Hey Mary! That does sound like quite a mess, I’ve been there myself with recipes in the past so I can sympathize! Yup, you can just do this one right in the pot. I’m not a fan of double boilers myself :). Sounds like you want to add the cream of tartar and use this method on another recipe. I’m afraid without seeing the entire recipe and trying it out myself I can’t offer advice there. Also, they are likely trying to use the corn starch as a substitute for cream of tartar. If you can, I suggest just trying this recipe of Grandmamas as it has been very successful for us.
Ok I made a different coconut cake (recipe and frosting) and it was a hit!! But decided to try yours for today my question is the other called for cream cheese, cool whip frosting..and required no refrigeration. (Which I thought was odd)
I noticed you said good for 2 days at room temp or refrigeration for longer.. is that due to frosting?

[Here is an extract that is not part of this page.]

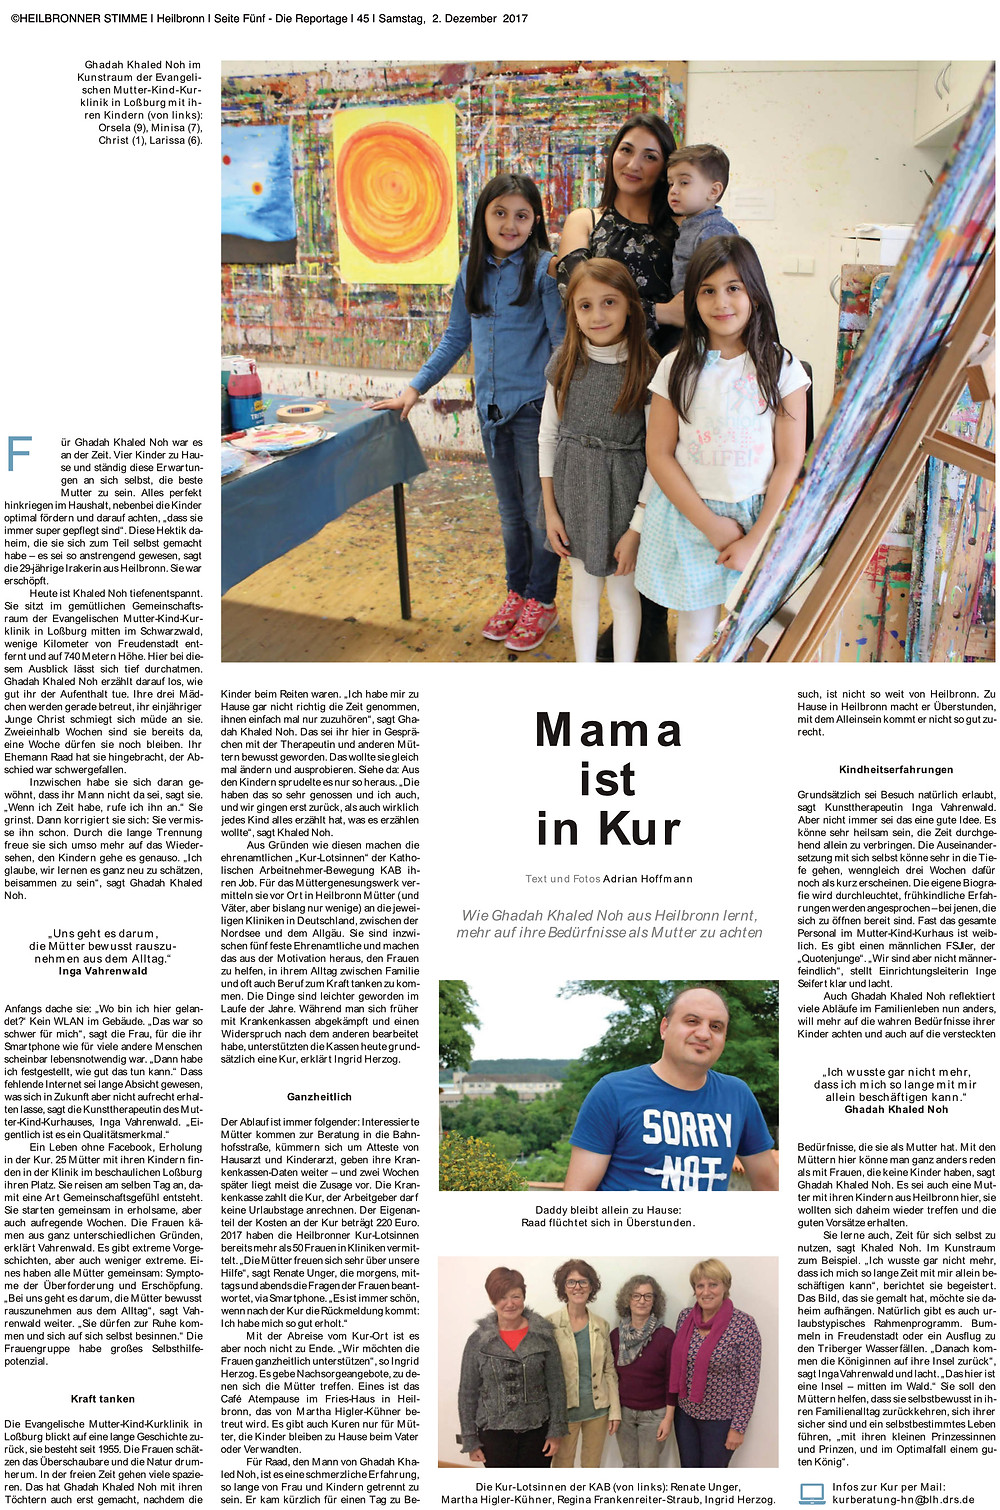 Mama ist in Kur - Müttergenesung Loßburg hilft

I honestly can’t imagine a cake calling for cream cheese and cool whip not requiring refrigeration. My best guess is that they simply overlooked including that in the instructions. As a Home Economics major, that is the only reasonable reason I can imagine as the cool whip, especially, is not safe at room temp for very long and the cream cheese not much longer. I tend to go more with food safety due to my background.
I make a coconut cake with that icing and it is just fine One of the family’s favorites.
I’m sure the cake itself would be delicious 🙂
Thank you for this recipe! I usually use a double boiler, but this was much easier. The only problem I had was I used my heavy bottom stainless saucepan and started ti ice my cake directly from the pan. I noticed lumps forming and discovered the heat held in the stainless had continued to cook the frosting and it was like a marshmallow at the bottom of the pan! Thankfully it wasn’t grainy and I used it ice a coconut cake so I just covered it with coconut…LOL! Lesson learned, remove it from the pan!!